Almost as many Germans as Irish came during this period, although they were more likely to spread out. The Germans also came because of food shortages or other tough economic conditions. But many decided to come after efforts failed to throw off despotic rule in the various German states in the late 1840s.

Generally better off financially and better educated than other immigrant groups (they brought the idea of “kindergarten,” or “children’s garden,” with them), many Germans pushed away from the Eastern cities to the Midwest, especially Wisconsin.

The rise in immigration also increased anti-immigrant feeling, especially in areas where the newcomers were competing with people born in America for jobs. In 1849, an organization surfaced called the Nativists.

They were better known as the Know-Nothing Party, because members supposedly replied, “I know nothing” when asked by outsiders what was going on at their meetings. The Know-Nothings demanded an end to immigration, a prohibition on non-natives voting or holding office, and restrictions on Roman Catholics.
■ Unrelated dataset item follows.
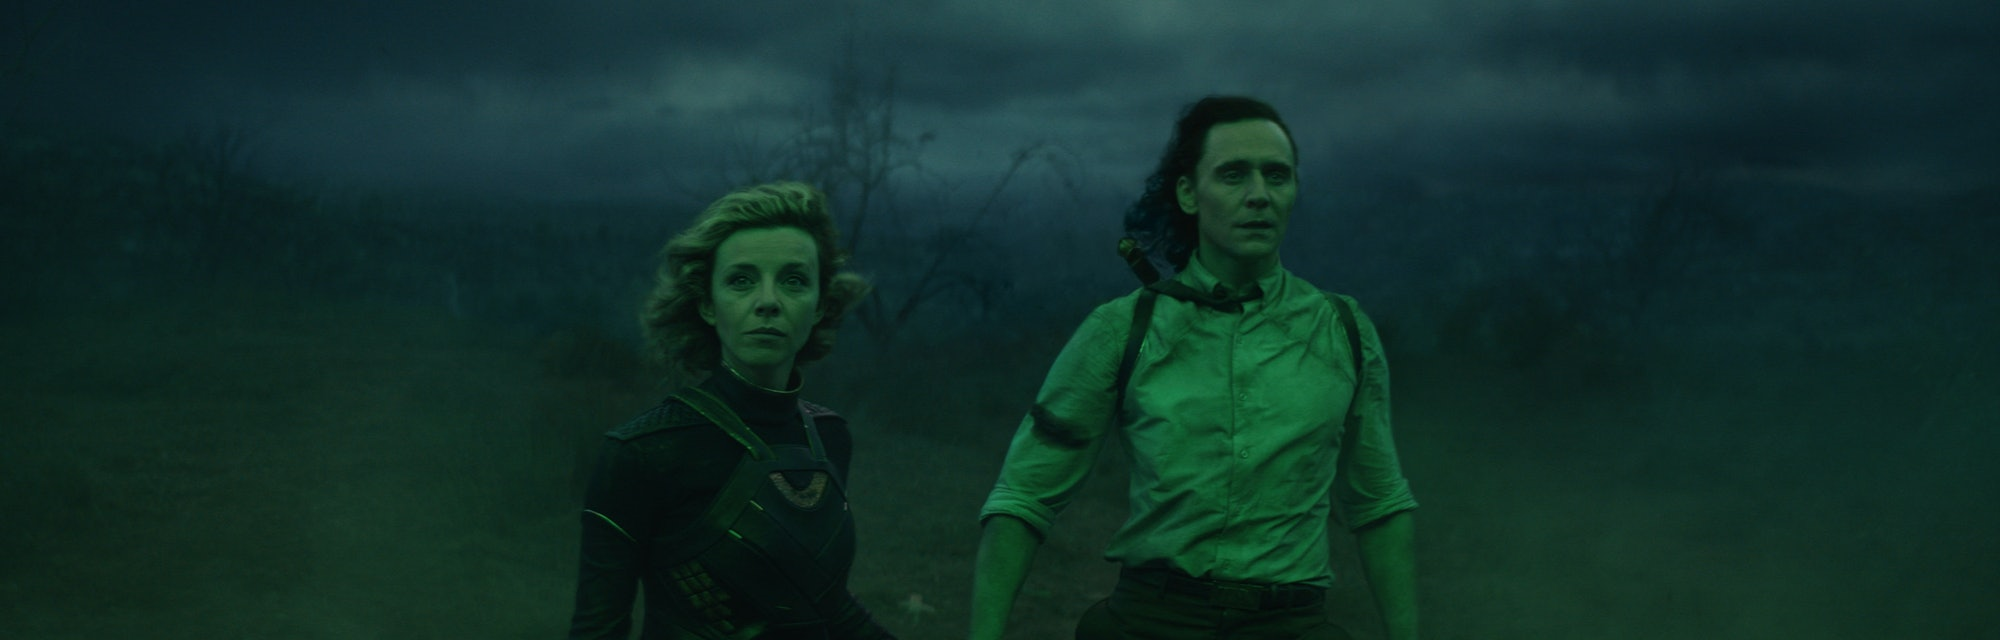 Loki' finale: Episode 6 release date, start time, trailer, spoilers, and  Disney Plus schedule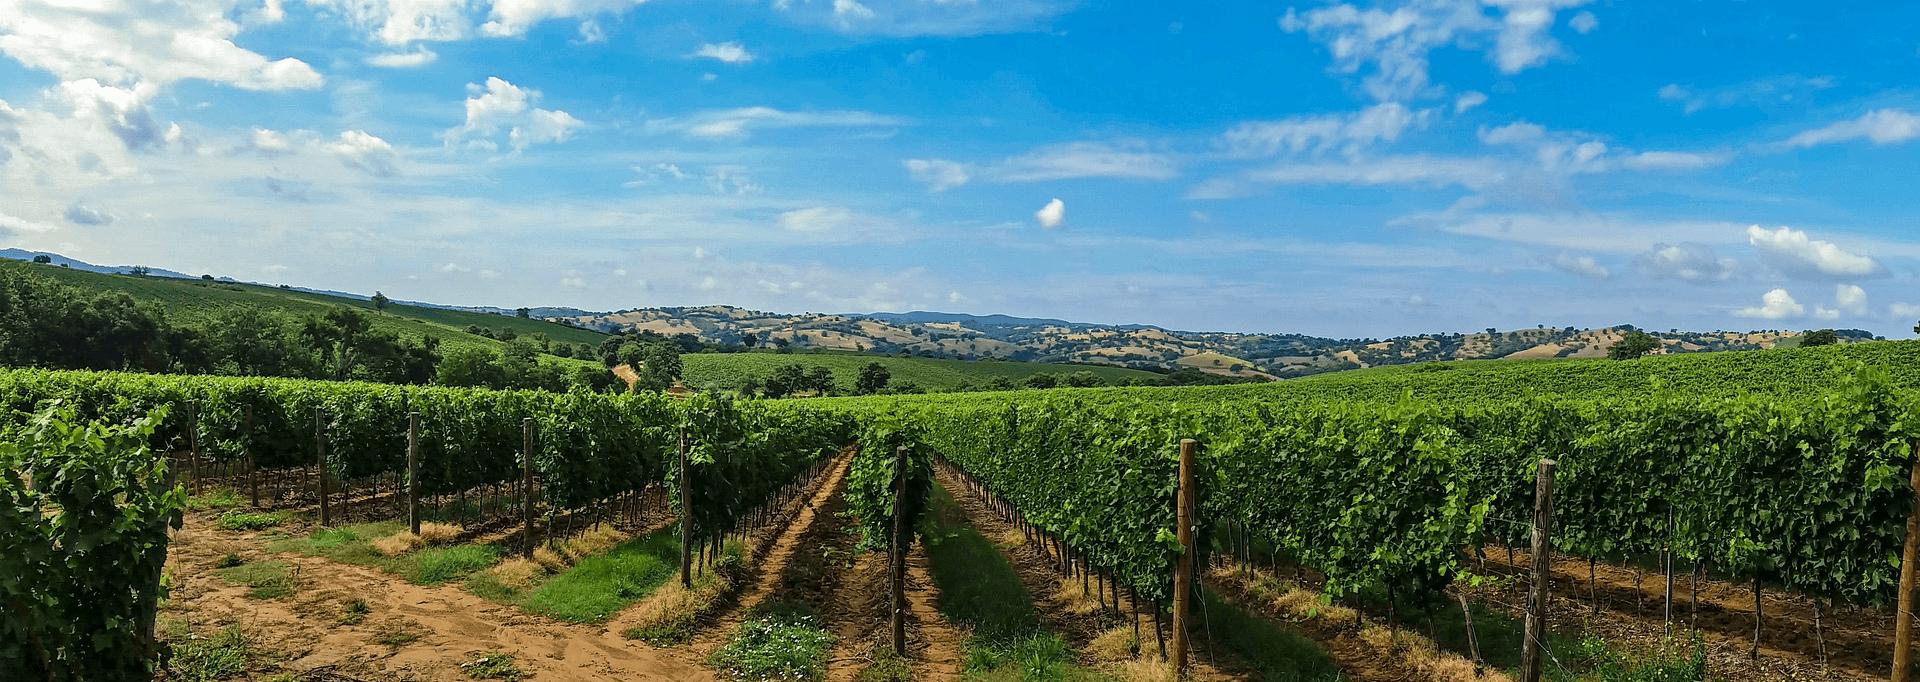 Popular Wine Regions

The Know-Nothings made a lot of noise for a while. Renamed the American Party, they attracted more than 1 million members by 1855 and managed to elect several governors and scores of congressmen. Their 1856 presidential candidate, Millard Fillmore, who as a Whig had been vice president under Taylor and served as president from 1850 to 1853 after Taylor died in office, even managed to carry one state, Maryland.

But the Know-Nothings faded away as the Civil War approached, torn apart by differences between the party’s Northern and Southern members over the dividing issue of slavery.